*** GIVEN DATA

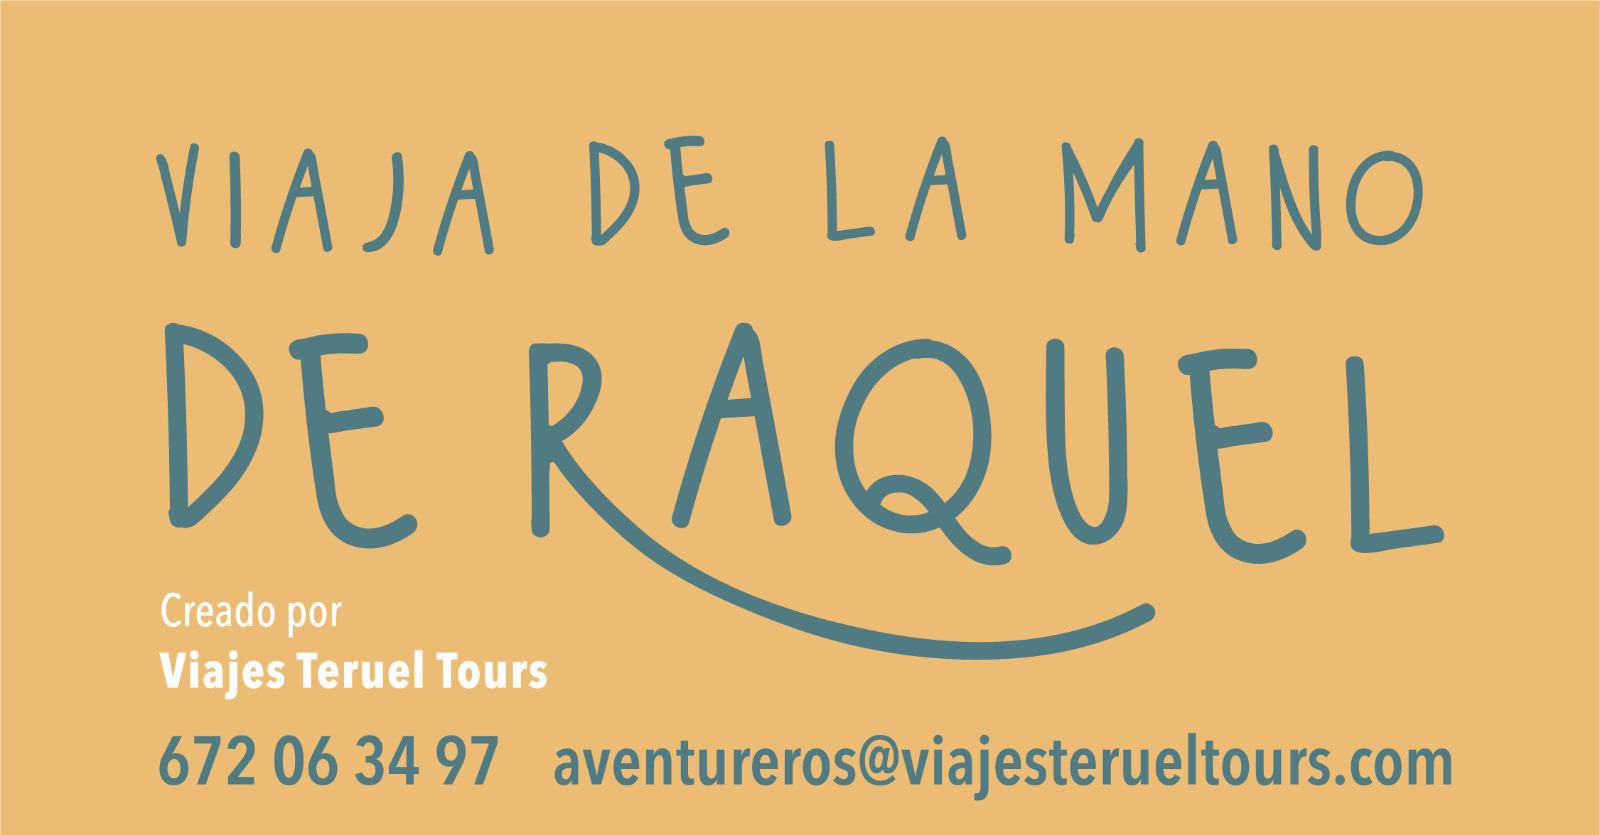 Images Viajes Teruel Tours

******
*** GIVEN DATA

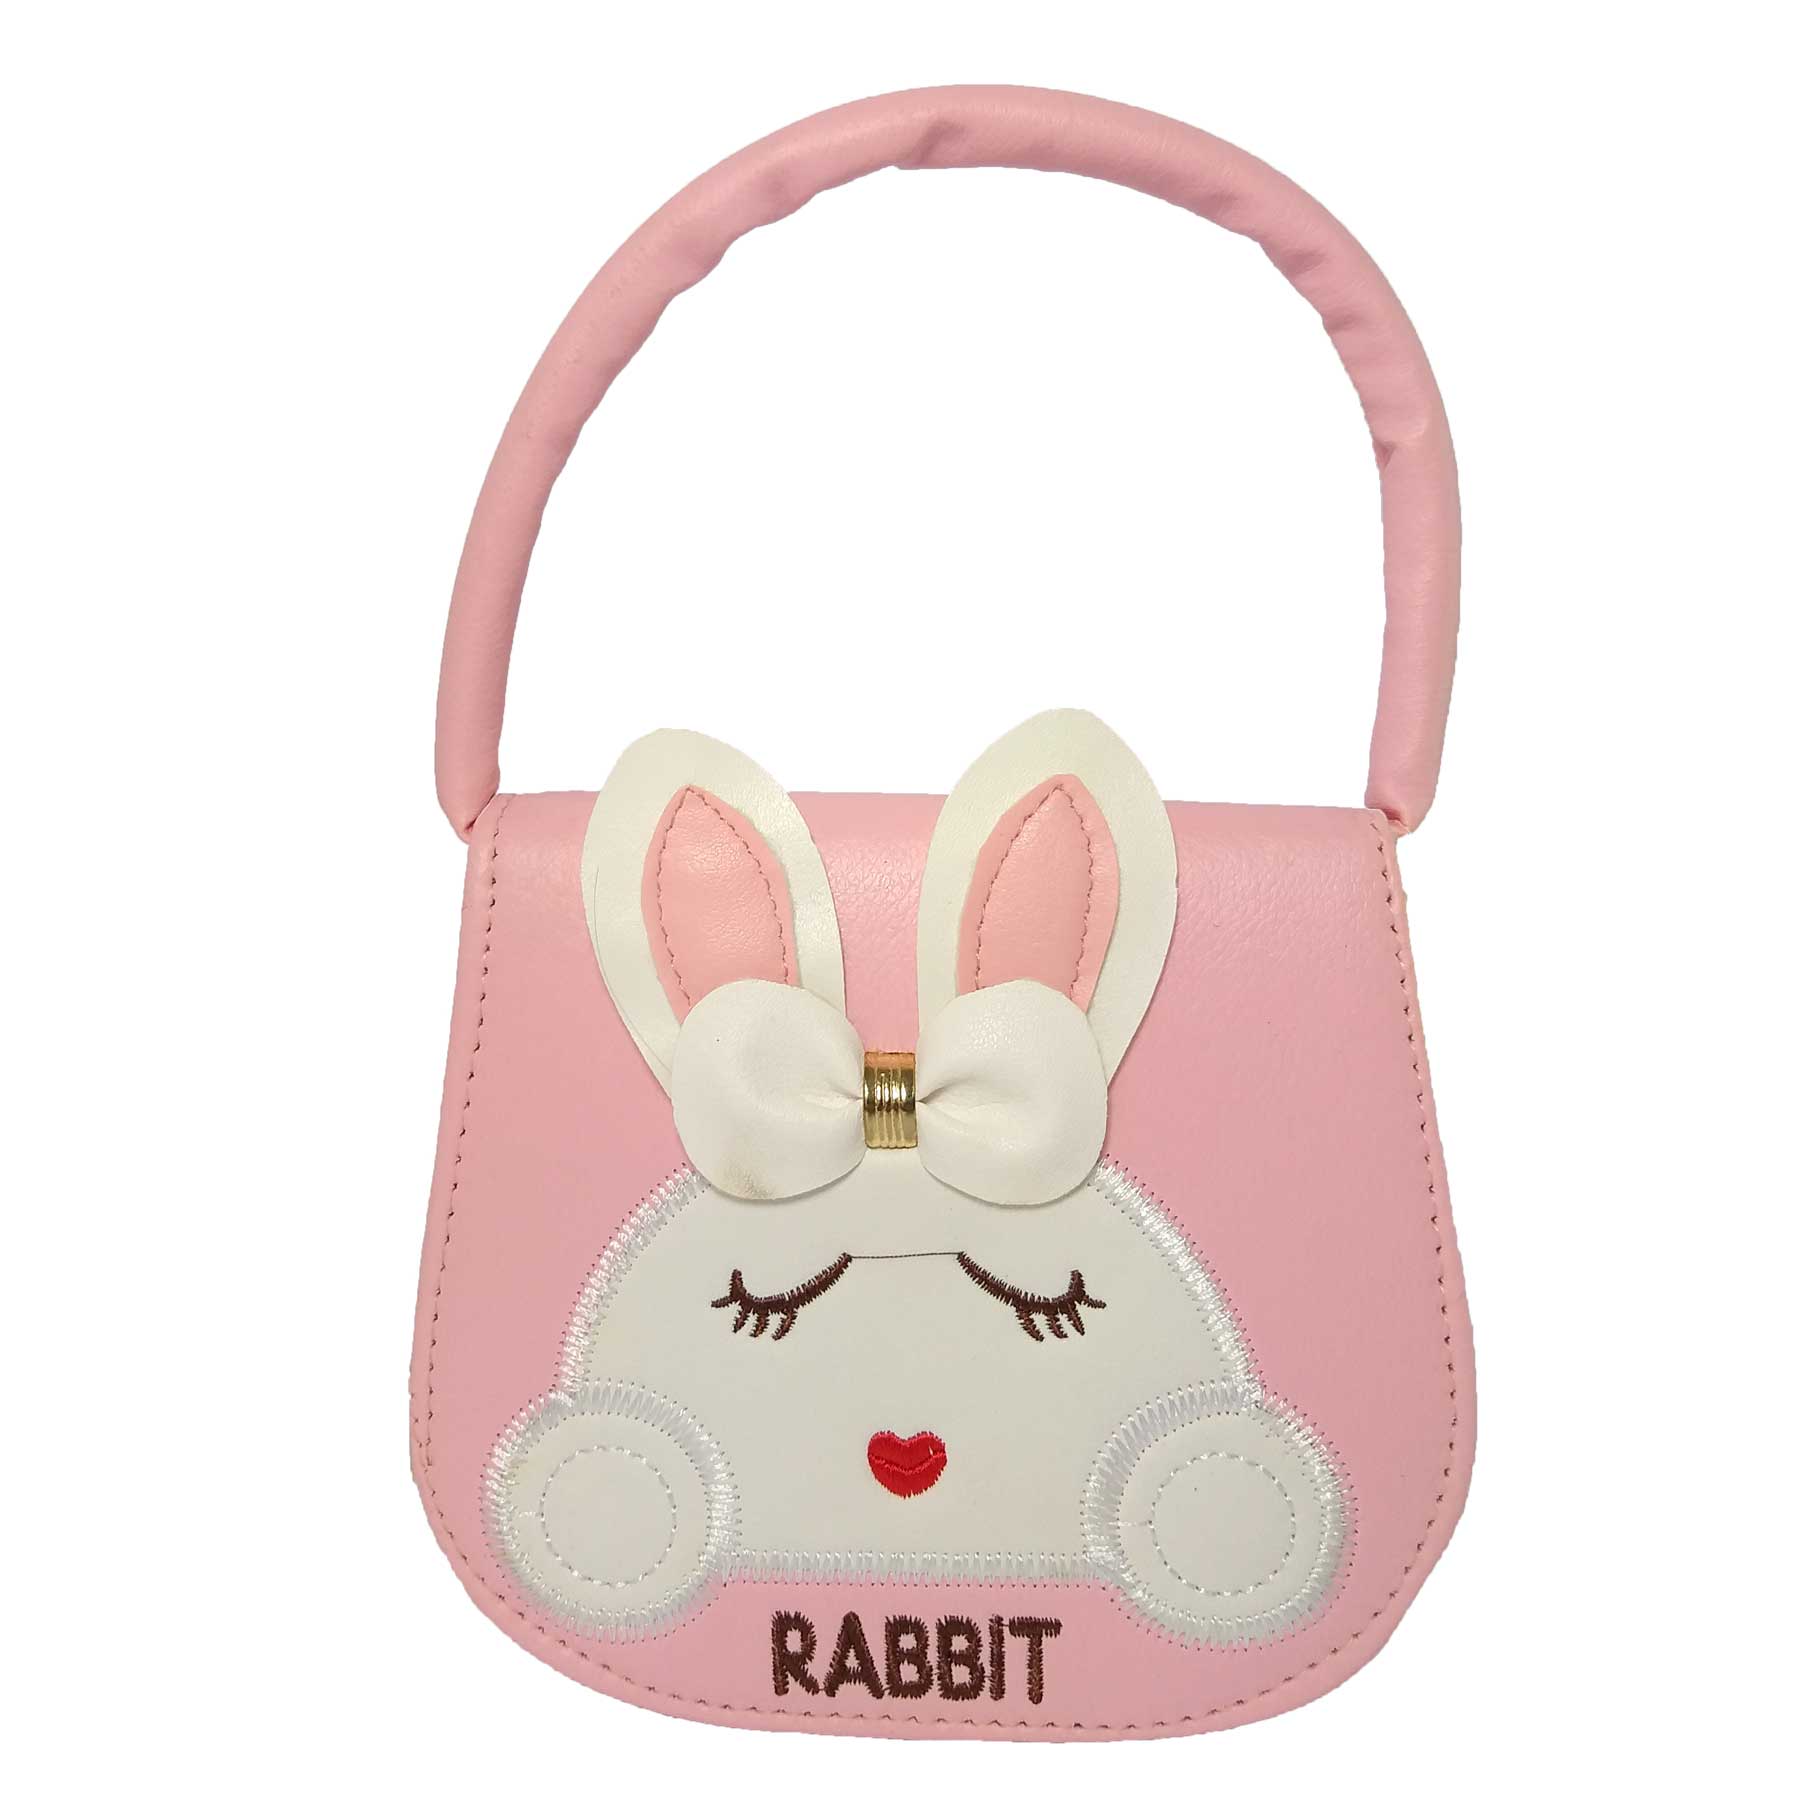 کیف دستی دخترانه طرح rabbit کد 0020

******
*** GIVEN DATA

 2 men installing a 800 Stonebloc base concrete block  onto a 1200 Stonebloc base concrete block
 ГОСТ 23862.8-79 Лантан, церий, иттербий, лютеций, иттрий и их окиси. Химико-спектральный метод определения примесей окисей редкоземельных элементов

******

Scan the entries above for the line containing "2 men installing", and copy it and all lines after it exactly, down to and including the line containing "ГОСТ 23862.8-79 Лантан, церий, иттербий, лютеций, иттрий".

_ANSWER SECTION_
 2 men installing a 800 Stonebloc base concrete block  onto a 1200 Stonebloc base concrete block
 ГОСТ 23862.8-79 Лантан, церий, иттербий, лютеций, иттрий и их окиси. Химико-спектральный метод определения примесей окисей редкоземельных элементов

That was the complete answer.